24 de janeiro de 2014 |
N° 17683
DAVID COIMBRA
Para sempre. Nunca mais.
Estou nos Estados Unidos. Uma
civilização calórica, definitivamente. Todo aquele bacon no café da manhã. Mas
não podia ser de outra forma. Aqui na cidade em que ora me repoltreio, Boston,
aqui faz um frio... Acho graça quando os gaúchos dizem que no Rio Grande do Sul
faz frio. No Rio Grande do Sul não faz frio; sente-se frio. No Norte-Nordeste
americano, sim, faz muito frio, mas você só sente frio se cometer temeridades
como a que cometi outra noite.
Tinha de ir a um lugar a cinco
minutos de caminhada do hotel em que me hospedo. Antes de sair, olhei para um
par de ceroulas que dormem na minha mala. Não sou homem de usar ceroulas, ah,
não, mas, lá fora, a cidade estava branca de neve.
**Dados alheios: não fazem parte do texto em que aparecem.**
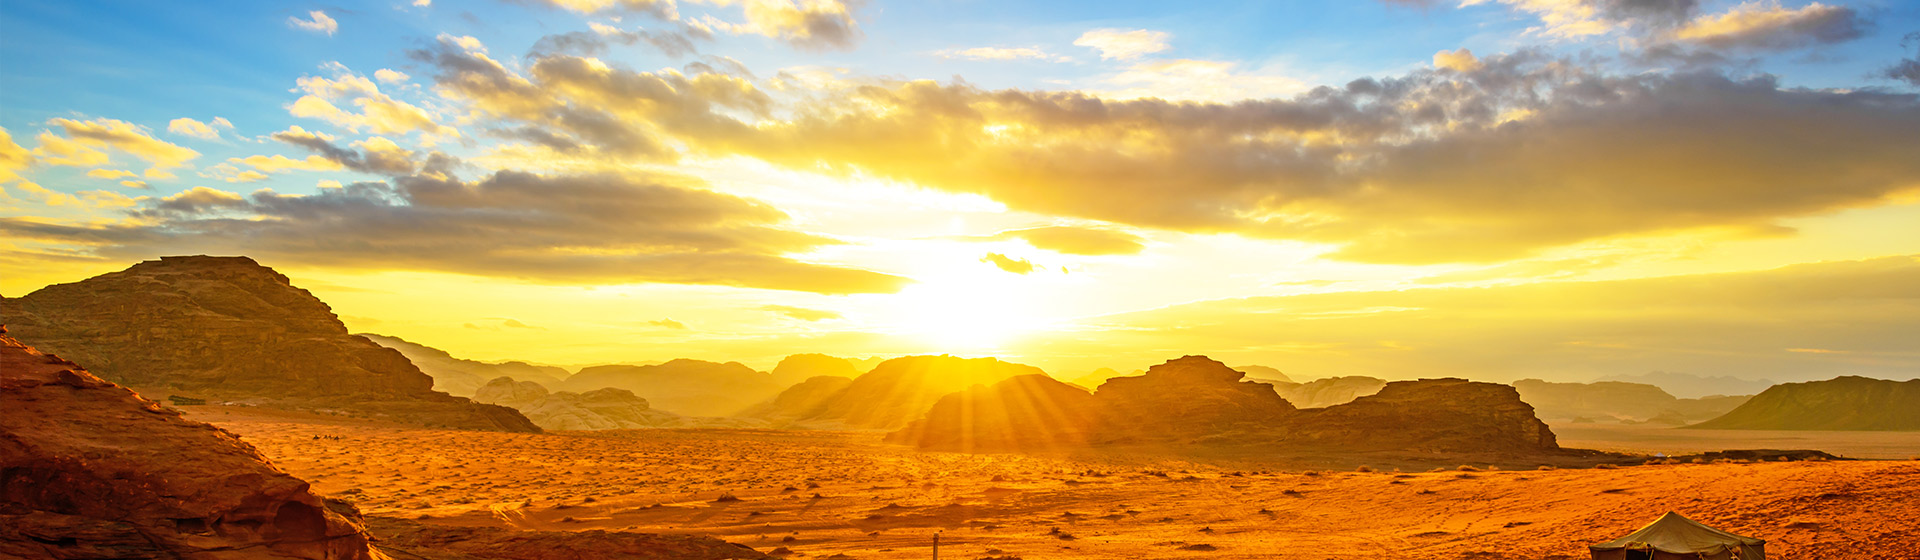 Jordania Fascinadora, Wadi Rum y Mar Muerto

Capitulei, que às vezes o
mais sábio é capitular. Vesti as ceroulas e, sobre elas, calças jeans.
Mais uma camiseta dessas de
esquiador, bem quente, sobreposta por um ainda mais quente blusão de esquiador
e, por que não?, uma jaqueta quentíssima de esquiador. Uma meia. Duas meias.
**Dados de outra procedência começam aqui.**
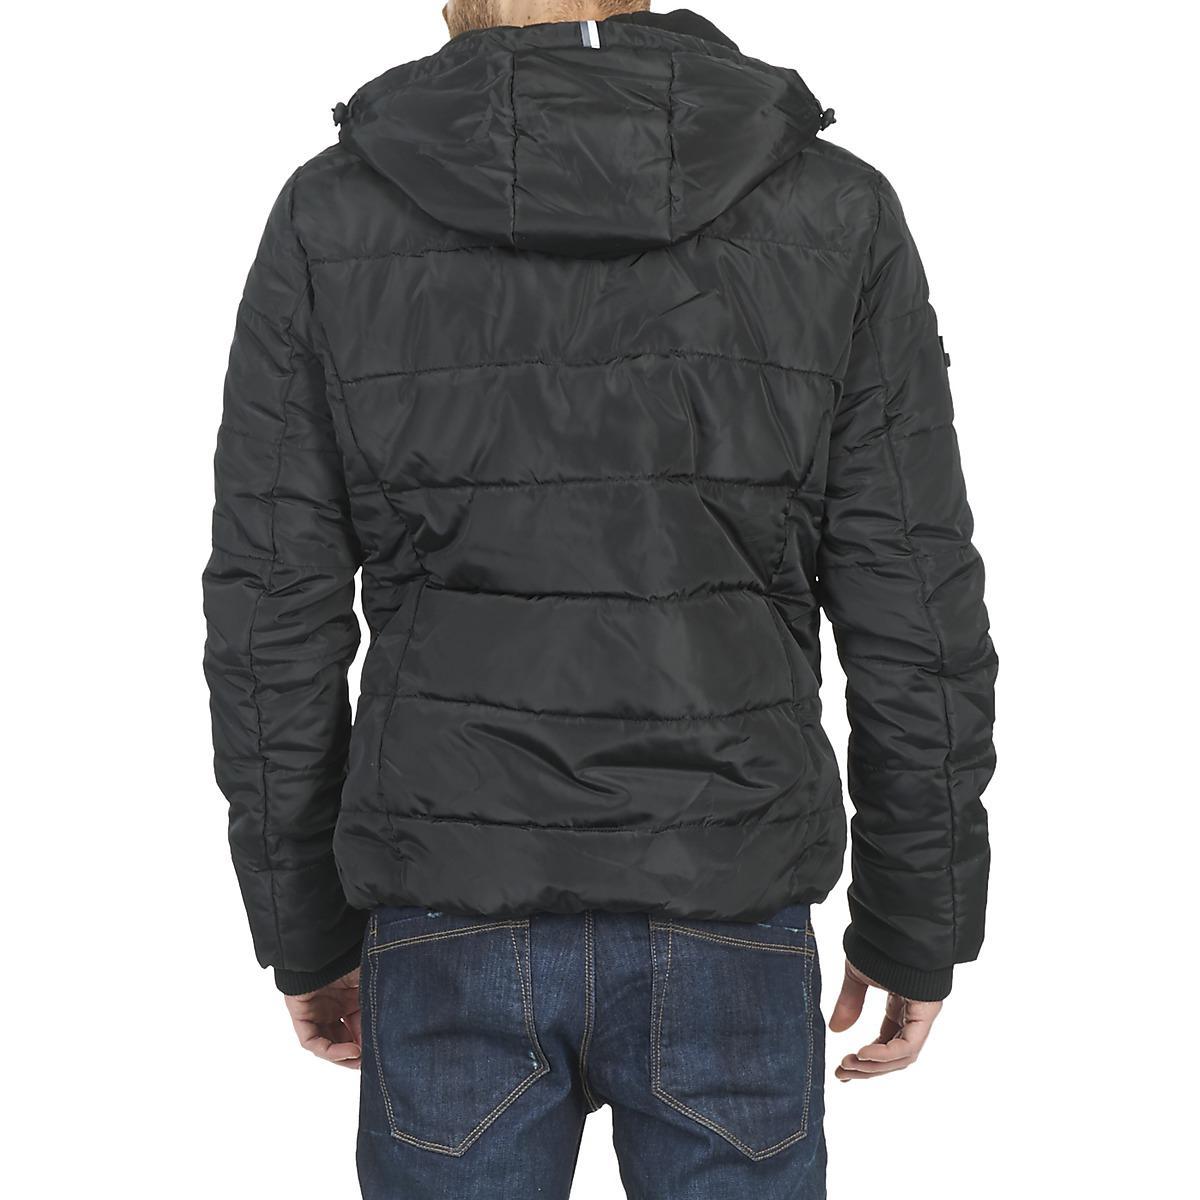 Superdry Synthetic Polar Jacket in Black for Men

Botas que comprei na Argentina, feitas de couro de orgulhoso boi portenho.
Luvas. E um gorro, obviamente de esquiador.
Mirei-me no espelho. Parecia um
mendigo, mas me sentia protegido. Ilusão. No primeiro dos cinco minutos a pé,
estava prestes a congelar. Dei uma corridinha, cheguei aonde tinha de chegar em
uns três minutos de dor. Duas horas depois, noite já fechada, empreendi o
caminho de volta. Cristo! Aqueles cinco minutos eram cinco horas. Meu nariz
começou a petrificar. Li em algum lugar que, sob temperaturas excessivamente
baixas, o nariz pode congelar e quebrar como um picolé espacial. Não queria que
meu nariz quebrasse. Isso não, oh, Deus!
O ar gelado entrava-me pelos
pulmões e esfriava-me os ossos, a alma e o coração. Talvez fosse bom eu,
finalmente, possuir um coração de gelo... Quando encontrei um bar, refugiei-me
no ar aquecido, sentei-me ao balcão e pedi um Bourbon. Caubói, é claro. Olhei
para os lados e vi os americanos comendo frituras, ingerindo calorias,
engordando debaixo de suas peles tatuadas, mas quentes.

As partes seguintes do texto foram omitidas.